Method First of all, in order to use the Google Cloud Vision API, you need to register an account on the google cloud console and obtain an API key. For the method, refer to Cloud Vision API Usage Summary (with sample code).
import requests
import json
import base64
import cv2
import sys
if __name__ == "__main__":
KEY = "--- your api key ---"
url = 'https://vision.googleapis.com/v1/images:annotate?key='
api_url = url + KEY
#Image loading
img_file_path = sys.argv[1]
mat = cv2.imread(img_file_path)
#Only the subtitle display part
roi = mat[435:600, :]
# openCV -> base64
result, dst_data = cv2.imencode('.png', roi)
img_content = base64.b64encode(dst_data)
#Create request body
req_body = json.dumps({
'requests': [{
'image': {
'content': img_content.decode('utf-8')
},
'features': [{
'type': 'DOCUMENT_TEXT_DETECTION'
}]
}]
})
#Request issuance
res = requests.post(api_url, data=req_body)

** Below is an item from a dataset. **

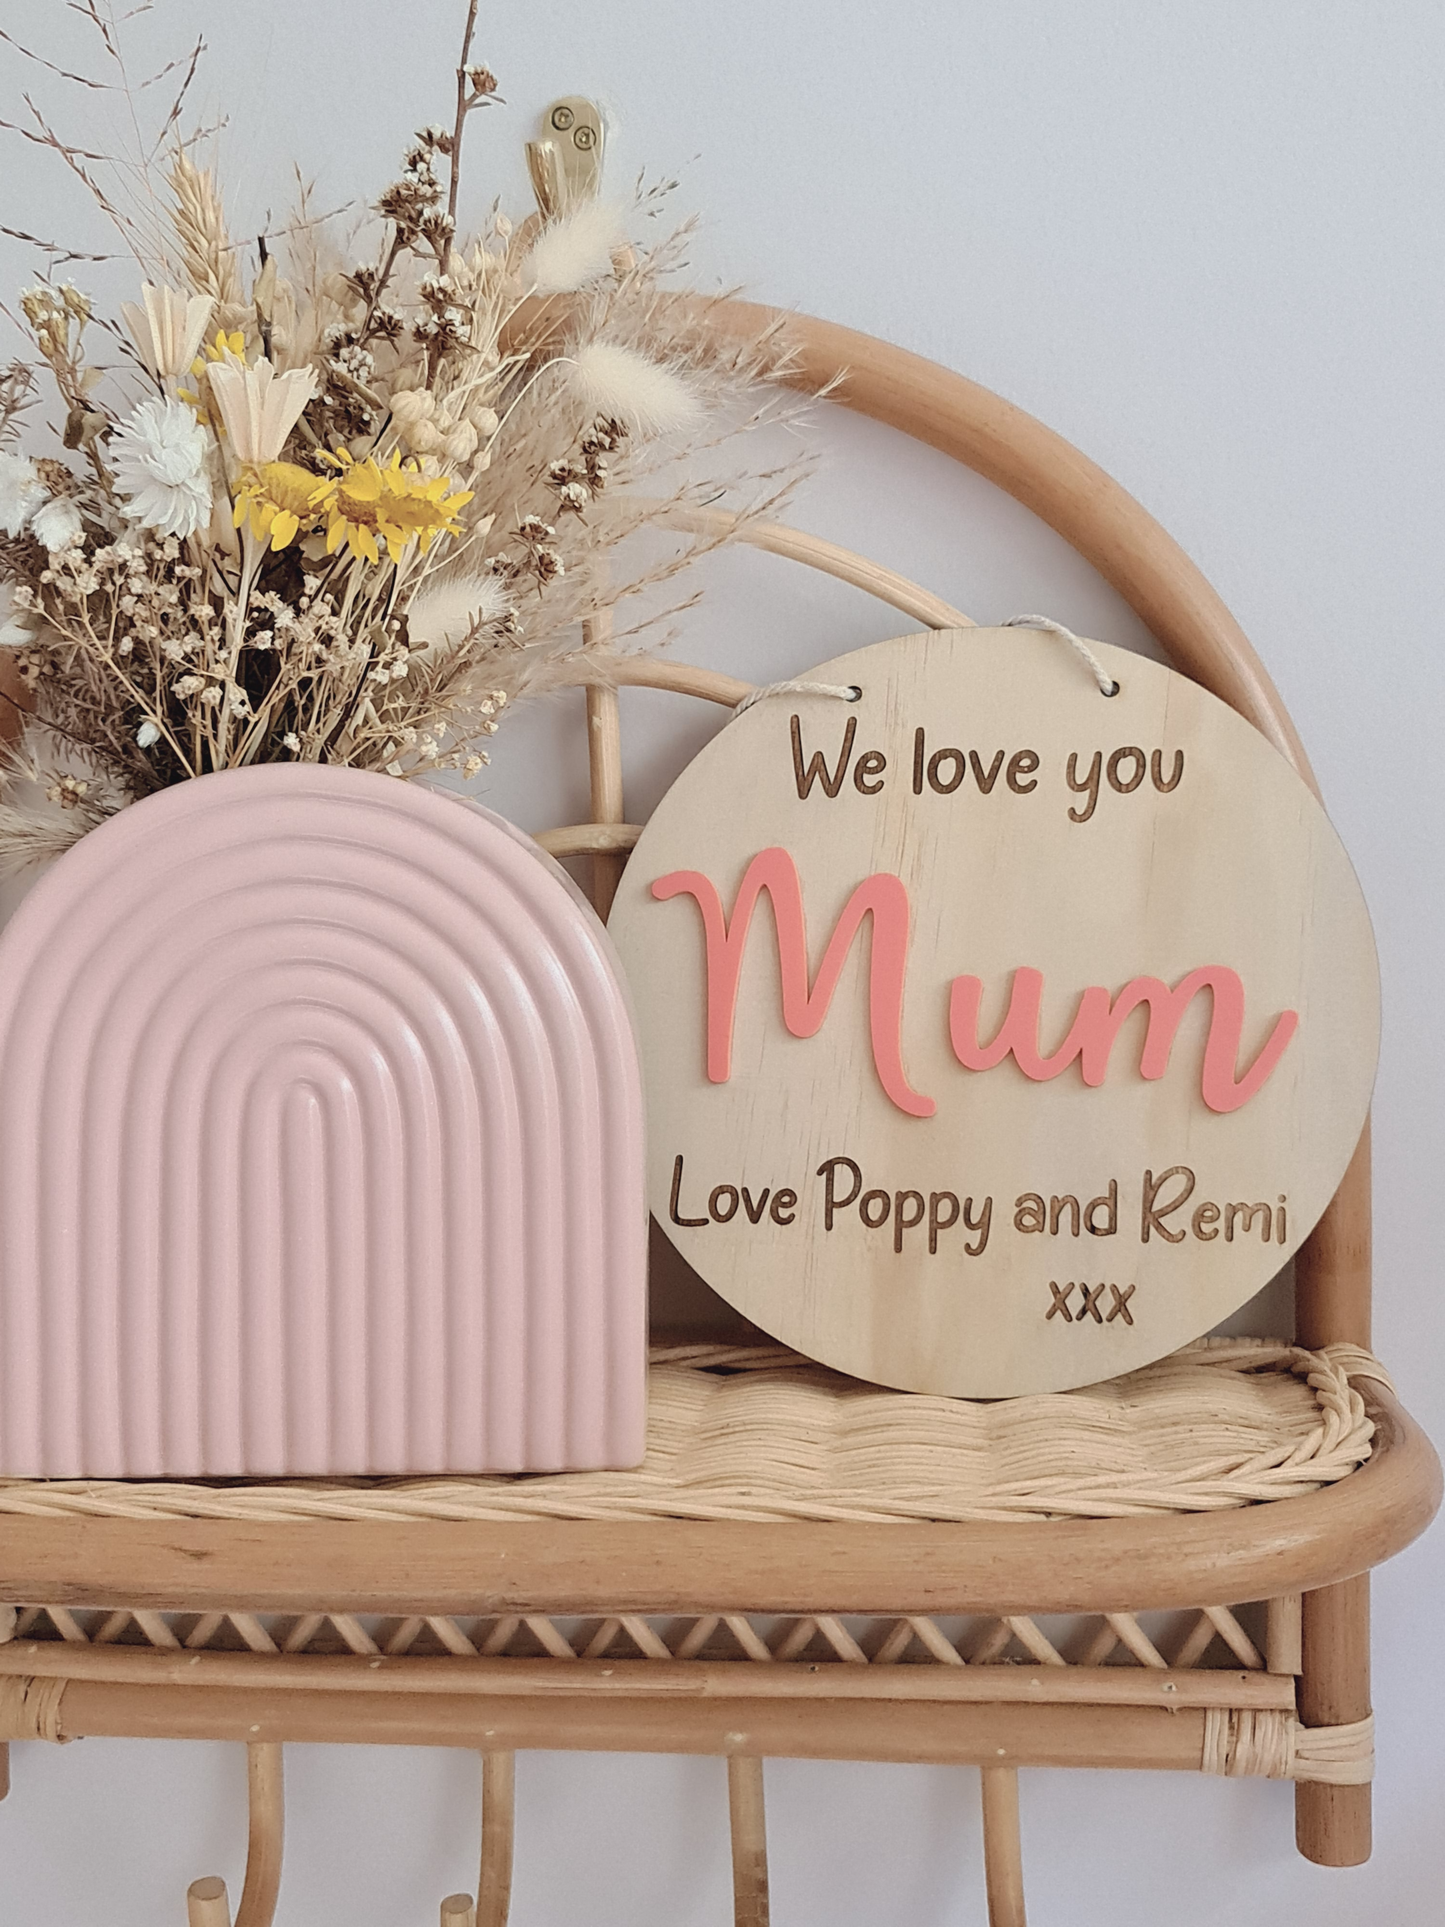 We love you Mum - plaque

#Image information acquisition from request
res_json = res.json()['responses']
if 0 < len(res_json[0]):
textobj = res_json[0]['textAnnotations'][0]
print("".join(textobj["description"].strip().split("\n")))
When requesting api, I design json by converting the image to base64 as a character string.
src = cv2.imread("image_path")
result, dst_data = cv2.imencode('.png', src)
img_content = base64.b64encode(dst_data)
You can convert from openCV with.
In addition, it is sufficient to extract characters while calling the API with sequential processing as it is, but if parallel processing is performed using ʻasyncio, the processing speed will increase. The reason for using ʻasyncio
is that it is more stable than multiprocessing.Pool
because it blocks API response processing within the coroutine.
async def main_image_process(src):
#Processed to make character recognition easier
gray_frame = pre_process(src.content)
#Trim only where telop is likely to appear
roi = gray_frame[435:600, :]
#Extract text
text = await extractTelopText(roi)
await asyncio.sleep(2)
dst = await createFooterTelop(src.content)
dst = await addJapaneseTelop(dst, text, 20, cap_height + telop_height - 30)
dst = await addASCIITelop(dst, str(src.timestamp) + "[sec]", cap_width - 250, cap_height + telop_height - 10, color=(0,255,0))
return MovieFrame(src.id, dst, src.timestamp)
if __name__ == "__main__":
r = []
loop = asyncio.get_event_loop()
try:
r = loop.run_until_complete(
asyncio.gather(*[main_image_process(f) for f in frames])
)
finally:
loop.close()
It seems that it can be written more simply with Python 3.7 or later, but it is not stable yet and the default package of centOS was Python 3.6, so I am writing it based on 3.6.
Development
The whole code.
import sys
import cv2
import io
import os
import numpy as np
import base64
import json
import requests
import asyncio
from PIL import Image, ImageDraw, ImageFont
from collections import namedtuple
import time
MovieFrame = namedtuple("MovieFrame", ["id", "content", "timestamp"])
telop_height = 50
cap_width = 1
cap_height = 1
def pre_process(src):
kernel = np.ones((3,3),np.uint8)
gray = cv2.cvtColor(src, cv2.COLOR_BGR2GRAY)
o_ret, o_dst = cv2.threshold(gray, 0, 255, cv2.THRESH_OTSU)
dst = cv2.morphologyEx(o_dst, cv2.MORPH_OPEN, kernel)
dst = cv2.bitwise_not(dst)
dst = cv2.cvtColor(dst, cv2.COLOR_GRAY2BGR)
return dst
async def extractTelopText(src):
KEY = "--- your api key ---"
url = 'https://vision.googleapis.com/v1/images:annotate?key='
api_url = url + KEY
message = ""
result, dst_data = cv2.imencode('.png', src)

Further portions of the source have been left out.